Несмотря на оригинальность и значимость позиции Р.Барта, в целом французские постструктуралисты придерживаются иных взглядов, гораздо более близких к видению данной проблемы М.Фуко. К примеру, Б.Леви утверждает: «Власть – не чуждый обществу элемент. Она составляет с ним единое целое, она формирует его состояния... Власть – это демиург, без которого общество – ничто»1.
В русле нашей статьи немалый интерес представляют взгляды Ж. Дерриды, который, говоря о научном дискурсе, отождествляет его с властью логоса, языка и мысли. Проводя аналогию научного дискурса с политической властью, Деррида указывает на схожесть их функций: регламентация, запрет, предписание, ограничение, исключение и др. Таким образом, научный дискурс исключает возможность ценностных суждений и оценочных характеристик. К примеру, в языке математики не предполагается использование качественного описания как научного метода; естественные же науки должны базироваться на результатах эмпирических исследований, не принимая во внимание авторский субъективизм. В целом, научный дискурс реализует властные функции, выдвигая в качестве единственно верных исторически обусловленные критерии научности, отвергая при этом все иные.

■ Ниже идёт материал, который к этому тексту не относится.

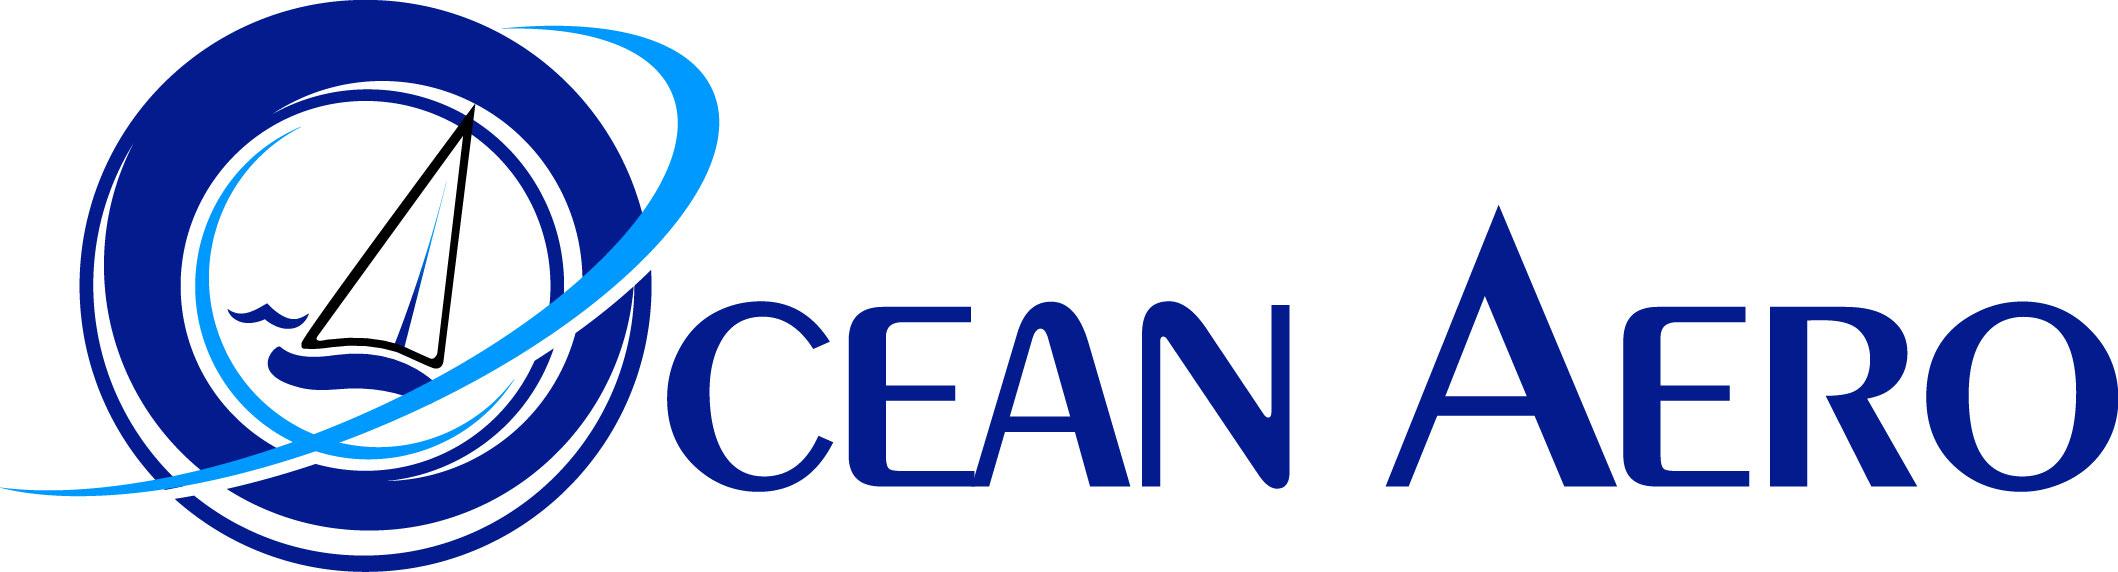 Made-in-California-Manufacturer-Ocean-Aero-Logo

Как мы видим, Деррида весьма доказательно обосновывает тезис о том, что властные механизмы науки действуют в широком социальном пространстве, признавая одни области знания научными согласно критерию точности и проверяемости, а другие – ненаучными, поскольку они не соответствуют вышеозначенному критерию.
Также подобный подход можно обнаружить у С.Ароновица. В своем исследовании «Наука как власть. Дискурс и идеология в современном обществе», автор утверждает, что наука является особой дискурсивной средой, в которой в условиях постиндустриальности начинают происходить качественные изменения, поскольку возникают новые источники властвования. К ним относится расширение сферы влияния науки на общество, выражающееся в усложнении функций ученых, создании научно-производственных объединений, во внедрении научных лабораторий в производство. При этом Ароновица более всего интересует проблема взаимодействия науки и технологии, в рамках которой он доказывает доминирование техники над наукой.1
Итак, методологическая позиция, связанная с пониманием научного дискурса как дискурса власти, имеет серьезные культуролгические основания, укорененные в традиции западного постструктурализма. Поэтому мы считаем возможным и необходимым анализировать научный дискурс в контексте властных отношений, выраженных в научном языке, используемых метафорах, объяснительных схемах, понятийном аппарате и т.д.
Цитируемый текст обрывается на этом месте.